Parsing text from a Java string

Question

I have a String in the following format: -----BEGIN MESSAGE-----, followed by a variable length encrypted session key, followed by a newline, followed by an encrypted message, followed by a newline, followed by a digital signature, followed by -----END MESSAGE-----.

-----BEGIN MESSAGE-----
SNyeWtz8QD8AKdioMG11wu7U6gG2wD9tekvVrx6VYW+6oJj4Wl8NE+7i5MHbu4Au
+vN1Z886lOWka7ekgPF8N7t9MpiFo2pBPHuFcOsaY5ETYuEyk5gaX7BYP7qT6wKG
BRILmX6DblWqGxG2tKs/AdcHDqQ5QBXrP03uhN68wgo=

U2FsdGVkX18gtpQSqyH4H5242SZzcZrb0oH7FWw7/MSCxo7h7BVaesZV2N38sr9y

kVr+wabiNn4RfAB4nNi9gAZHQLok4uxRMALGF2kZk2zpVNPQo6jcdz85fy68gylX
OCQIIdk8JPIwxzHfVvRZqNHDRADZRlNHUMYScjRPU+DB8avghYAVKMJhLgA/2Tdp
a59uBMBg/yB1yqA5FivxPzOhq92Y4nZuP1R9/yGE9O8K
-----END MESSAGE-----

What is the best way to parse out the three pieces of information (the session key, encrypted message, and digital signature)?

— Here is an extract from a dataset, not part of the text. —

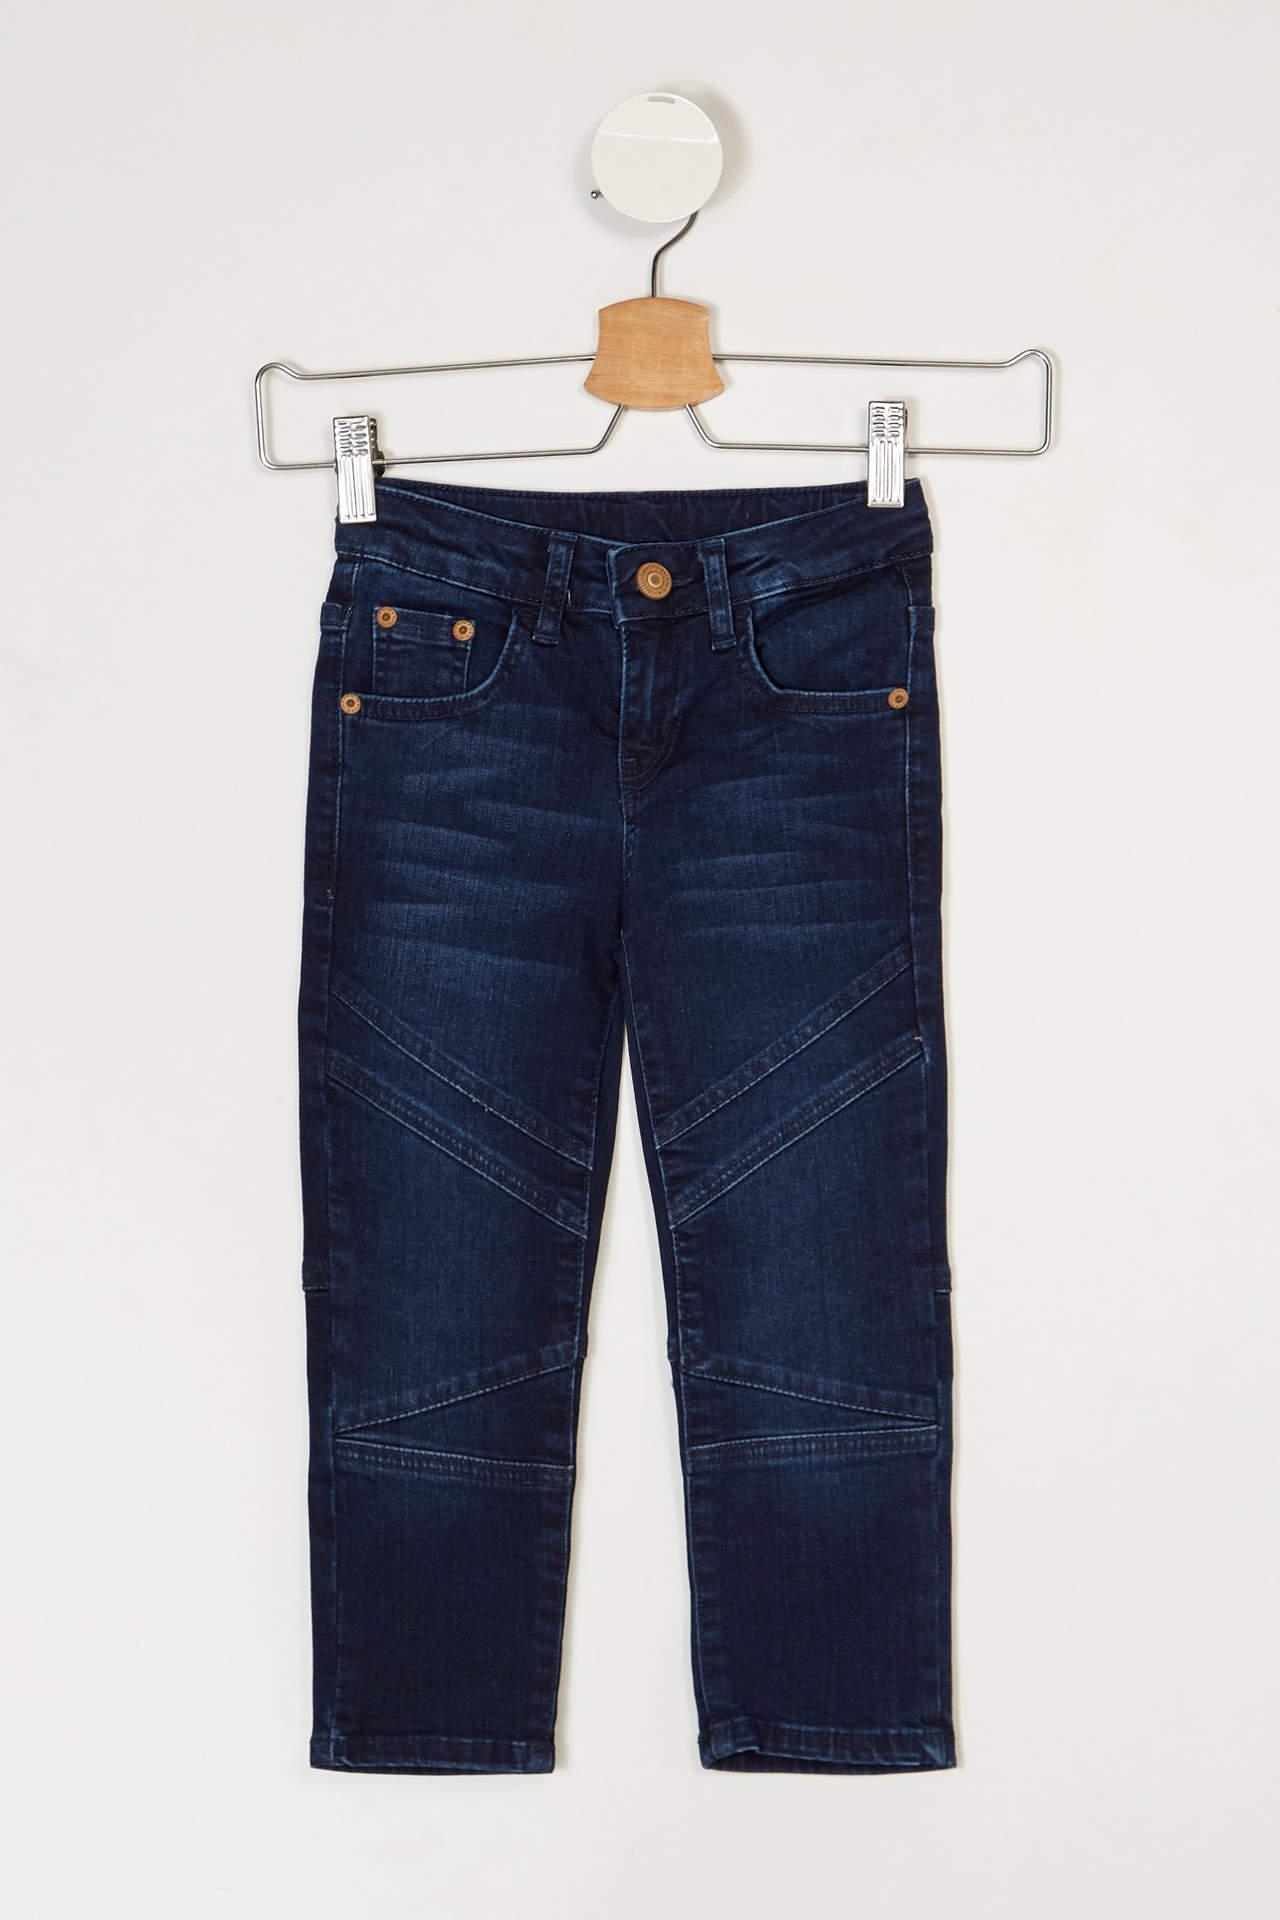 DeFacto Erkek Çocuk Slim Fit Jean Pantolon male

I tried using the Scanner class but I coudln't figure out what to use as the delimeter. I also tried using the Pattern class, but couldn't figure that method out either. Thank you!

I just did something similar. The question is, do you want those three pieces of data in one match? With 3 capture groups? Or in 3 seperate matches? — Suamere
– Suamere, Commented Apr 10, 2013 at 0:25
Suamere, I want 3 separate matches. Jaynathan, I tried using "\n" as a delimeter, but it wouldn't work because every line is followed by a newline. For example, the encrypted session key is 3 lines long, each line followed by a newline. I even tried using "\n\n" as a delimeter, but that failed as well. — Luke
– Luke, Commented Apr 10, 2013 at 0:30

Ted Hopp · Accepted Answer · 2013-04-10 00:36:12Z

1

You actually have newlines embedded in the various parts. What delimits them is the blank line—two newlines in a row. I assume you want each part with the line breaks removed. I'd suggest a brute force approach:

StringBuilder sb = new StringBuilder();
String[] parts = input.split("\\r?\\n\\r?\\n"); // should be 3 long
// strip out header and newlines from session key
String[] lines = parts[0].split("\\r?\\n");
for (int i = 1; i < lines.length; ++i) { // skip first line
    sb.append(lines[i]);
}
parts[0] = sb.toString();
// strip out header and newlines from message
sb.setLength(0);
lines = parts[1].split("\\r?\\n");
for (int i = 0; i < lines.length; ++i) {
    sb.append(lines[i]);
}
parts[1] = sb.toString();
// finally, deal with the signature
sb.setLength(0);
lines = parts[2].split("\\r?\\n");
for (int i = 0; i < lines.length - 1; ++i) {
    sb.append(lines[i]);
}
parts[2] = sb.toString();

Not elegant, but it makes clear what's happening.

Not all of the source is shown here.